▶ **EXTRACTED INFORMATION**:

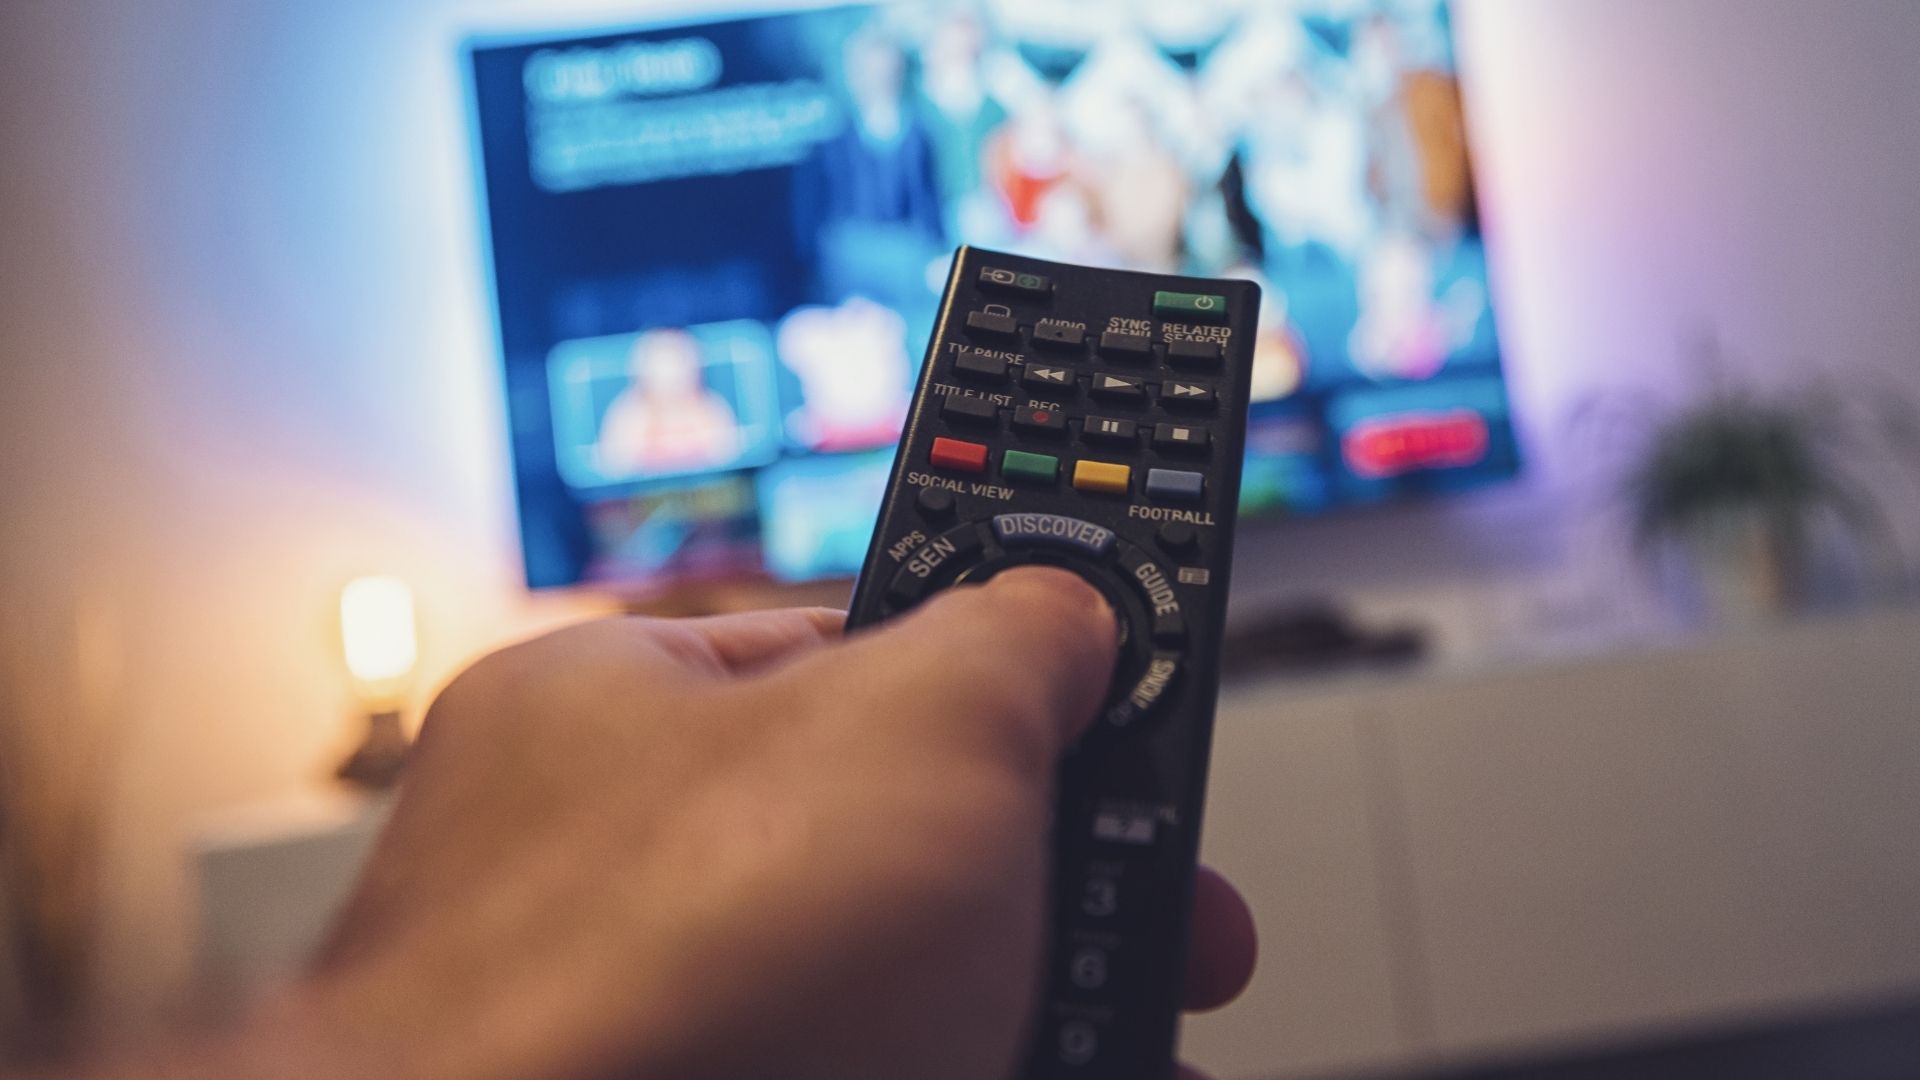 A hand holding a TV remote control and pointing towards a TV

---

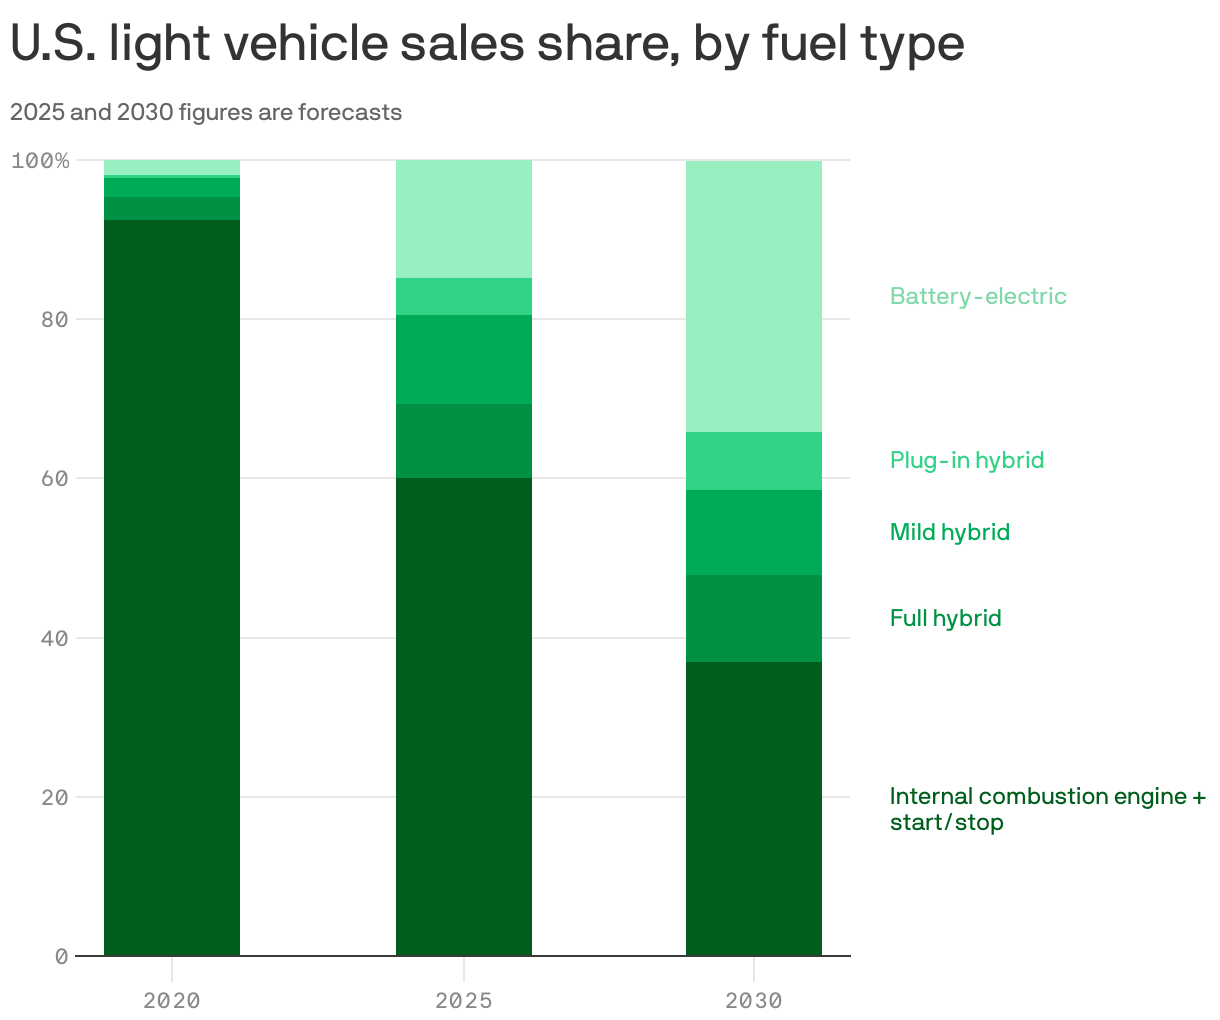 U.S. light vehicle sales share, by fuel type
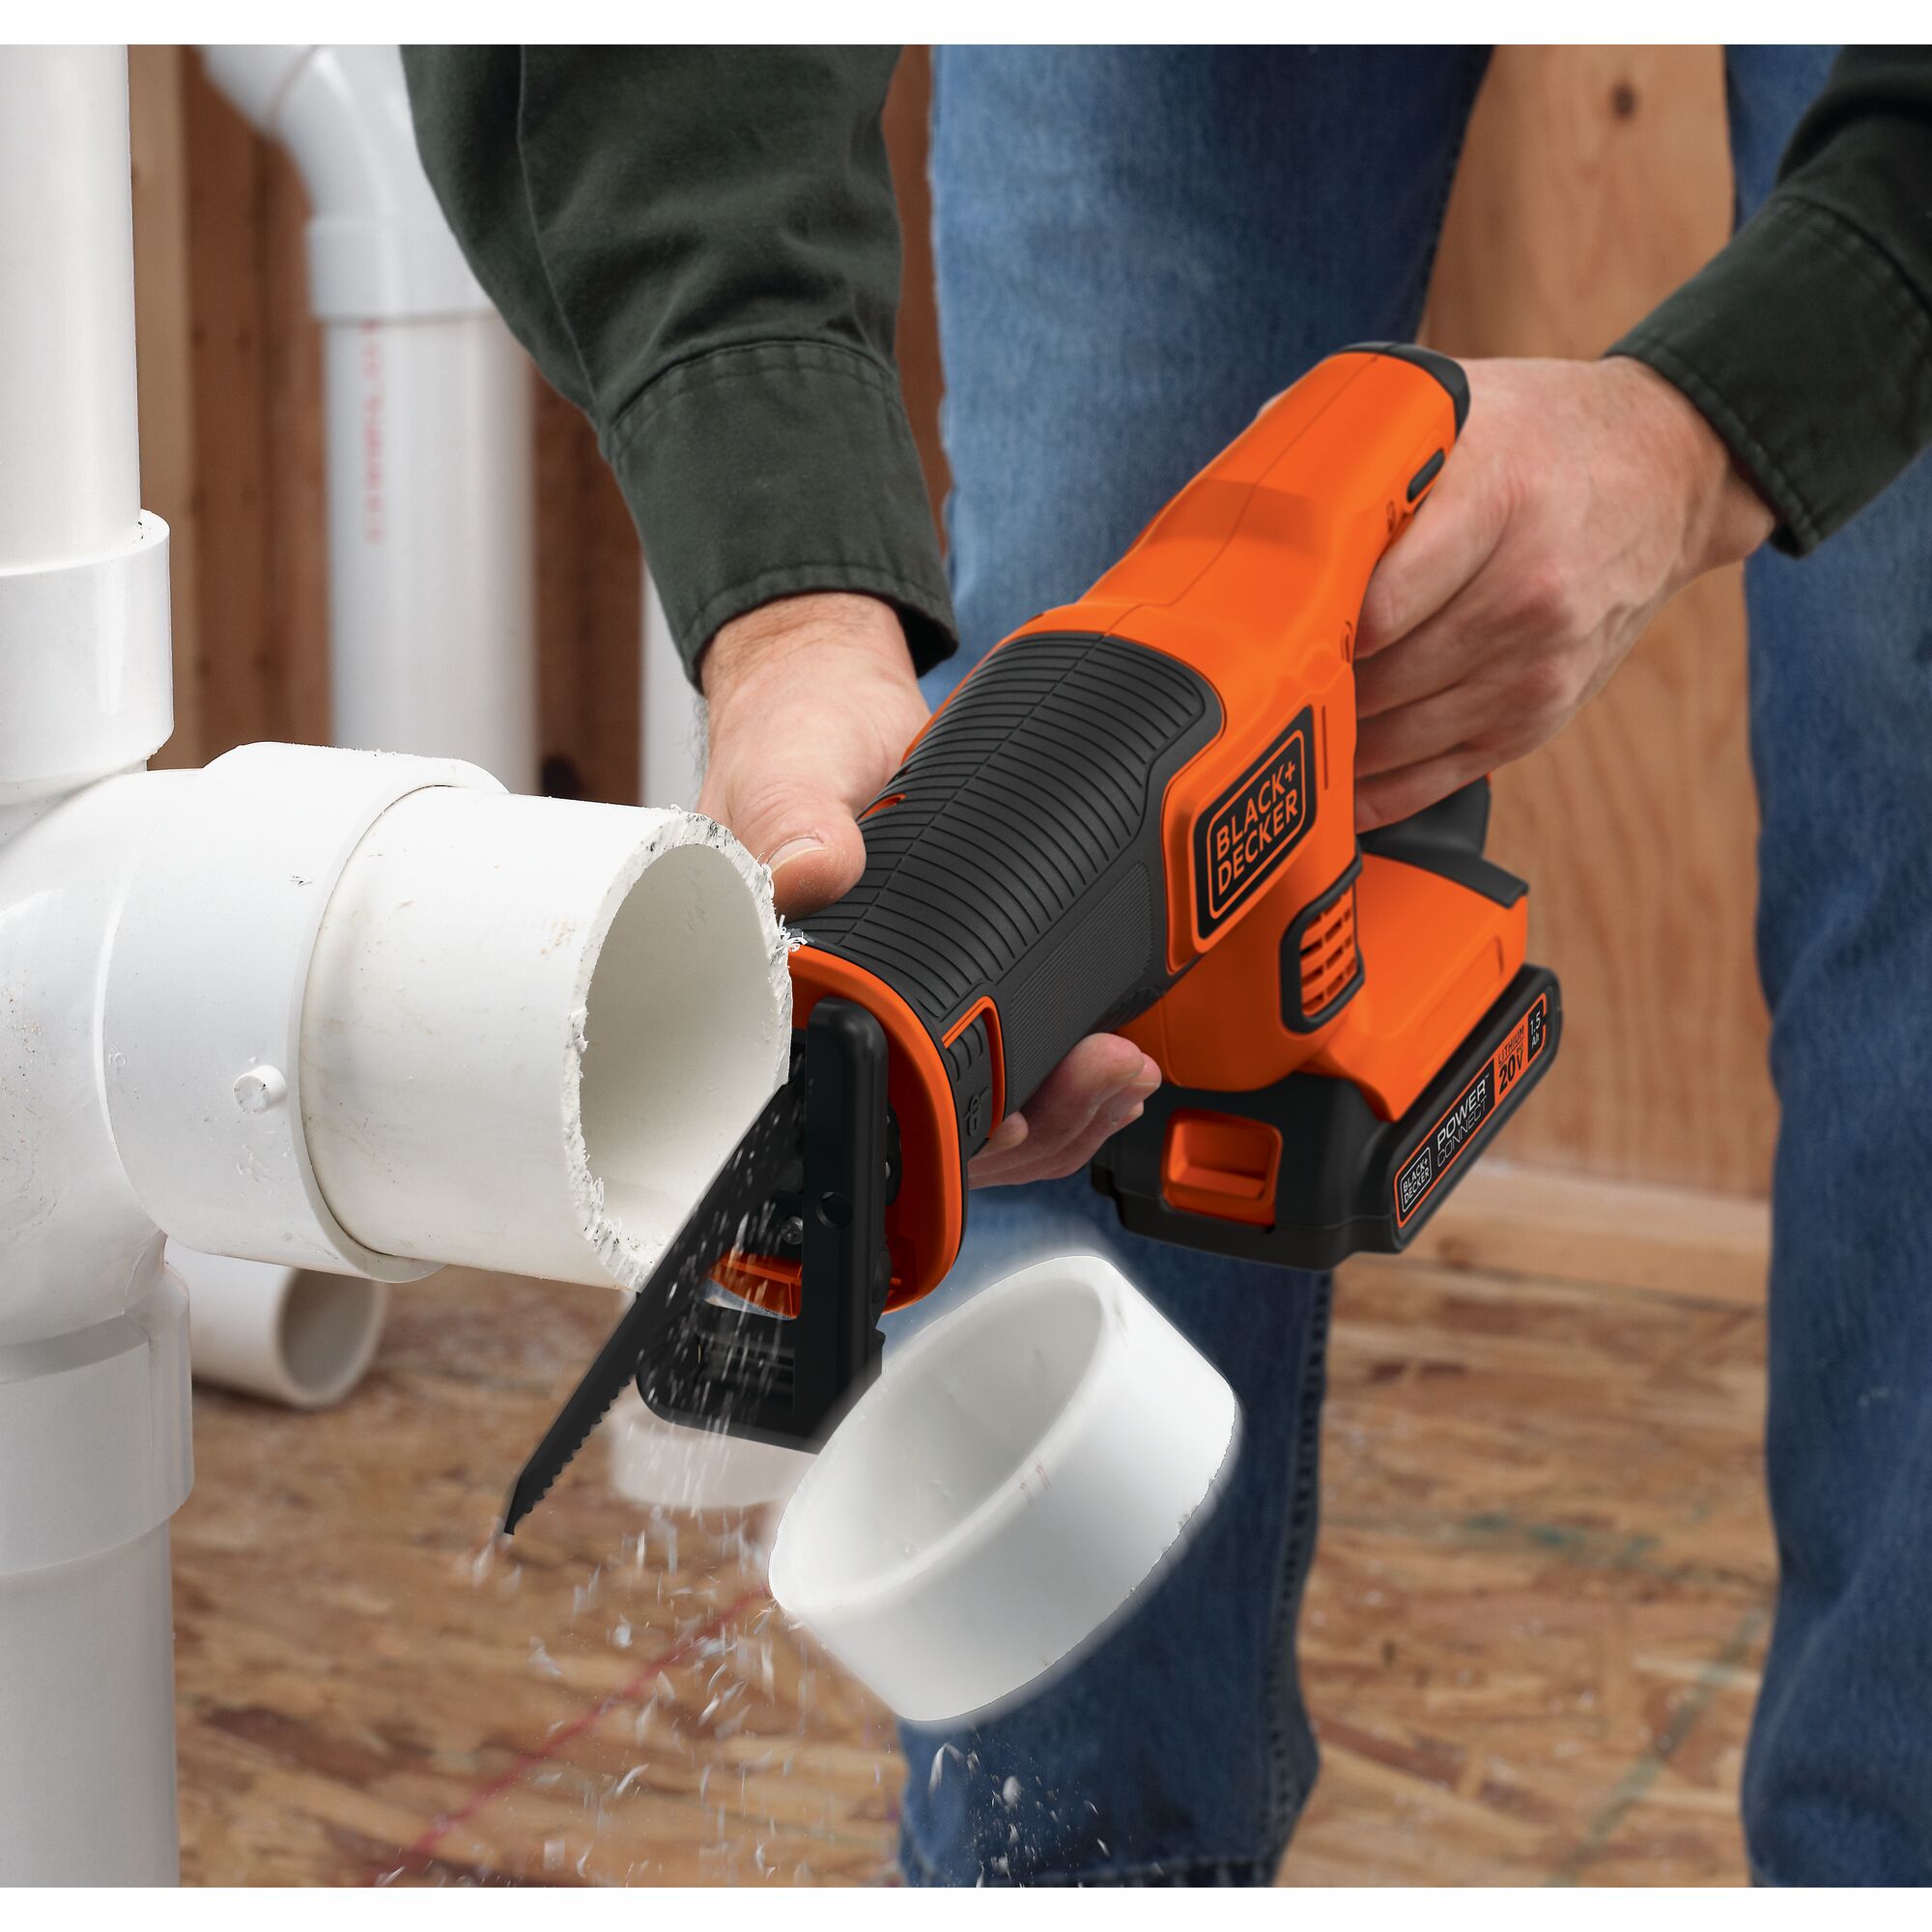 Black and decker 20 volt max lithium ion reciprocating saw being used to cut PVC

==

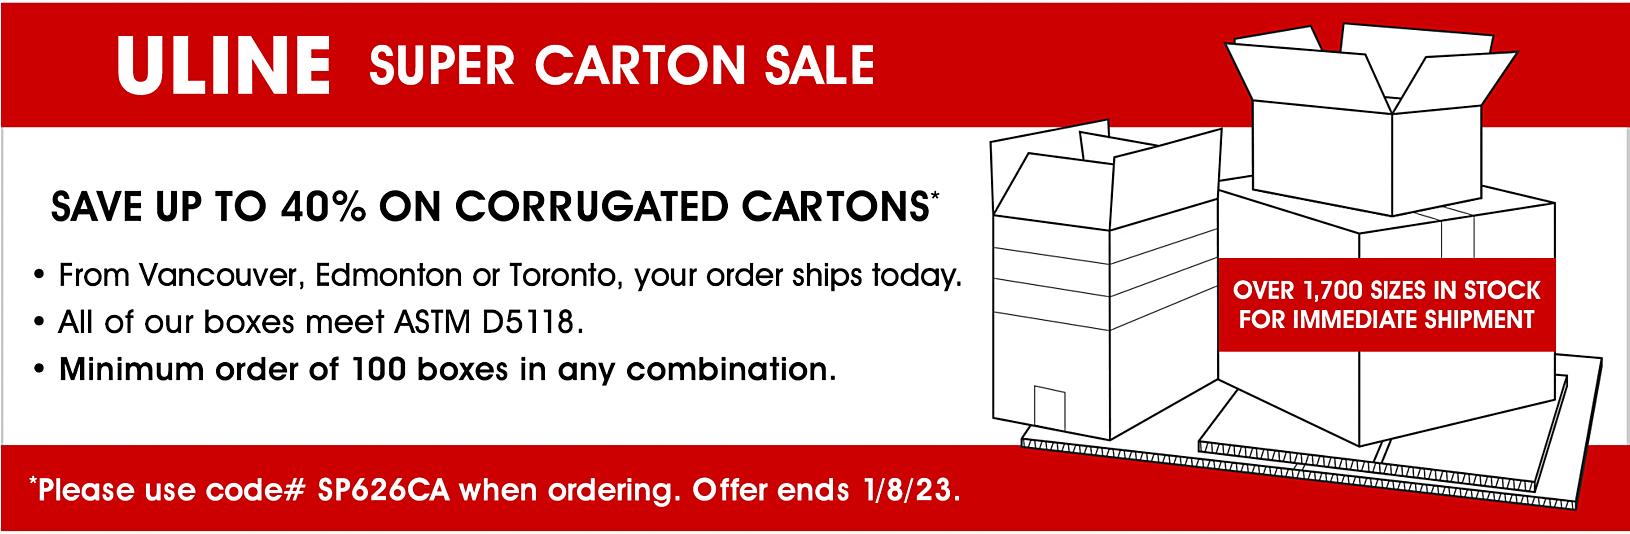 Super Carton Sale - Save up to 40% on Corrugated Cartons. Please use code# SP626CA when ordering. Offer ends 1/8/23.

▶ **THE PROBLEM**: From the records above, quote word for word only the lines beginning at the line that has "U.S. light vehicle sales share, by fuel type" and stopping after the line that has "Black and decker". Omit the pictures.

▶ **SOLUTION BELOW**:
 U.S. light vehicle sales share, by fuel type
 Black and decker 20 volt max lithium ion reciprocating saw being used to cut PVC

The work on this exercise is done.